This is my first ever camera and I'm totally new to photography, I bought the d3100 after reading it was a great begineers camera and hearing nothing but good reviews.

I was jsut wondering if anyone had any good advice/beginner tips for a complete newbie like myself?
 
- Learn how to interpret a histogram.
- Avoid taking photo's you can take any given day.
- Avoid effects (lens-, postprocessing) to enhance a photo. The picture should speak for itself.
- Compare your photo's with the professionals and learn from it. And yes, you really can make suchs photo's with the gear you have. (or close to)
- If your eyes wander over a picture, searching for a point of interest, then you probably did something wrong (cluttered, distracting background, wrong focuspoint etc.). In the real world, professionals know within 2 seconds if a photo is worth looking at or not.
- When using programs like photoshop, try to make it look natural, and not something you see in videogames. It is so much easier to overdo it, than making something look natural. Spend money on GOOD postprocessingcourses/books.
 
Shoot with what you have now, don't worry about upgrading until you know the basics (Aperature, Shutter Speed, ISO). Read up on shooting manual mode.
 
1. Learn basic camera controls
2. Learn camera terminology (F number, etc etc)
3. Learn how to use photoshop/LR/Aperture for simple enhancements, there are TONS of tutorials on the net!

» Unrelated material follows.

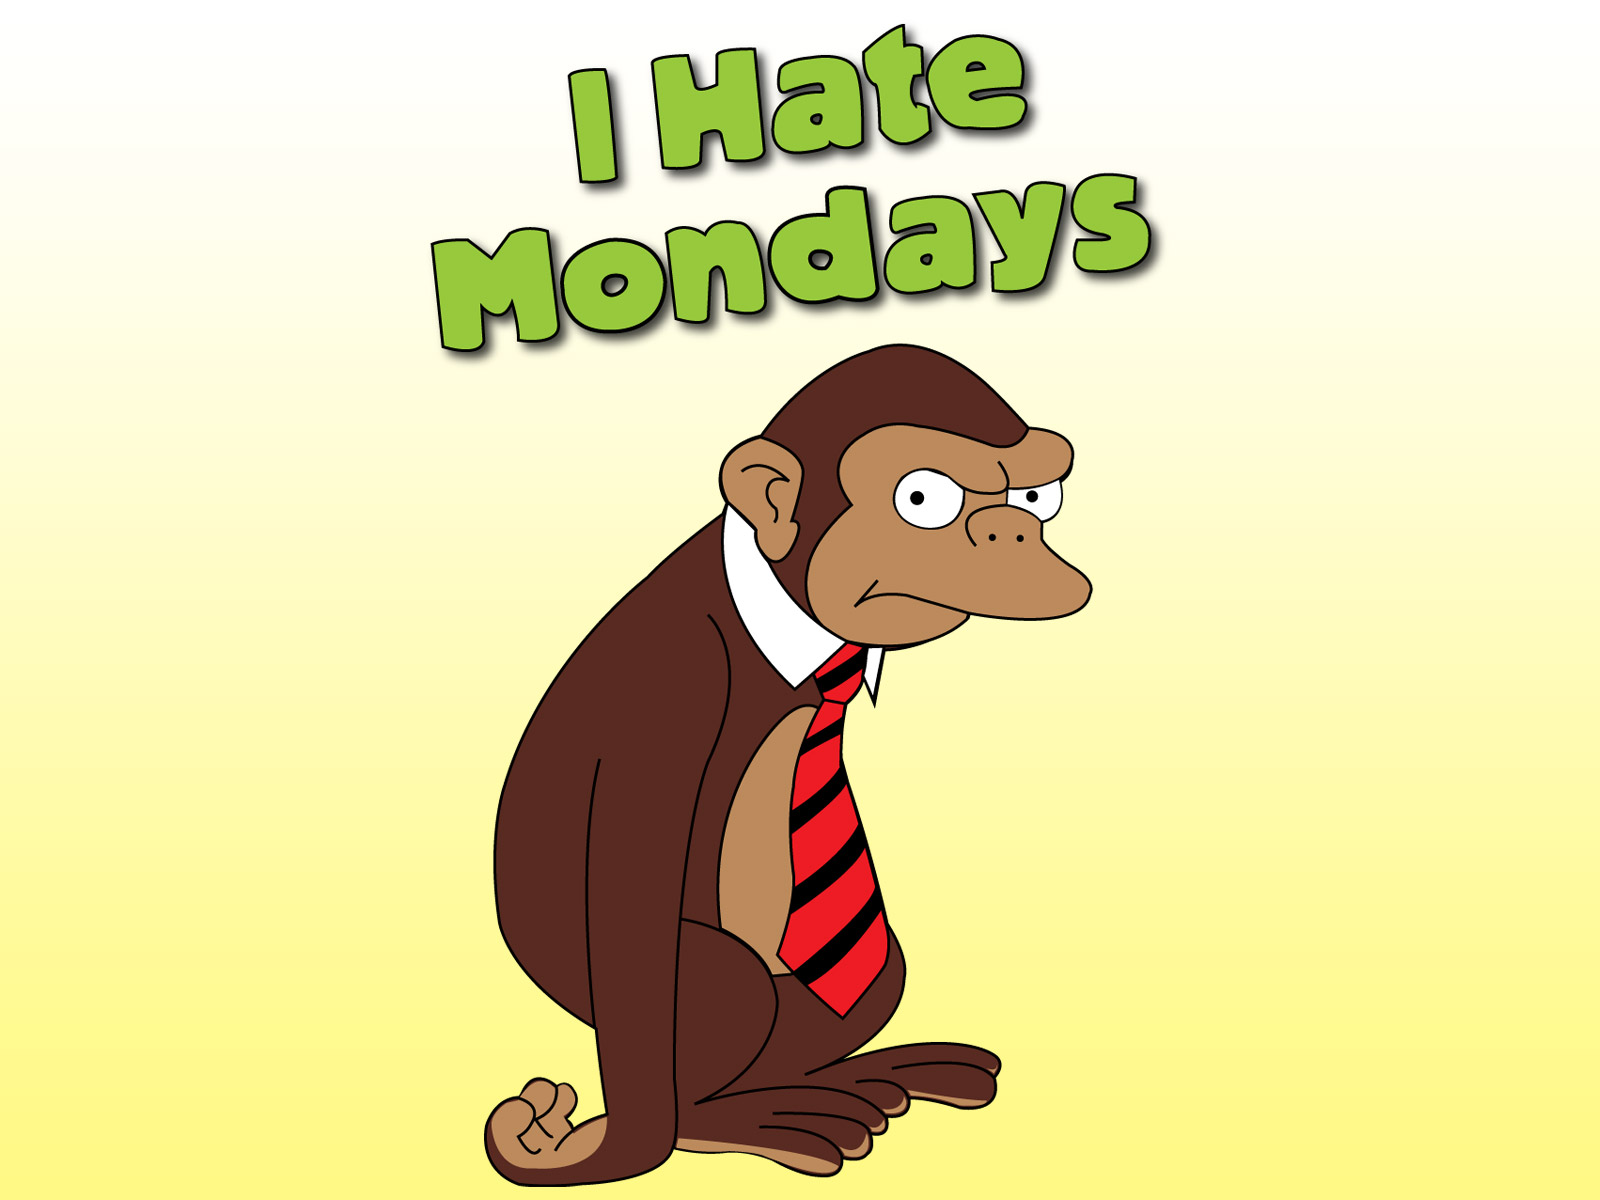 Monday Monkey Lives For The Weekends By Makavre Desktop Wallpaper

When you see a style of editing you like, try and find out how it is done. I am digging a sort of 'vintage' effect at the moment so thats where my editing style leans towards.

Oh, forgot to mention... TAKE LOADS OF PHOTOS! :D You will learn with each snap. The D3100 is a very light DSLR so if possible, take it around where ever you go! :)
 
Buy the book "Understanding Exposure". I recommend it to anyone who buys a DSLR and seems to actually care about learning photography.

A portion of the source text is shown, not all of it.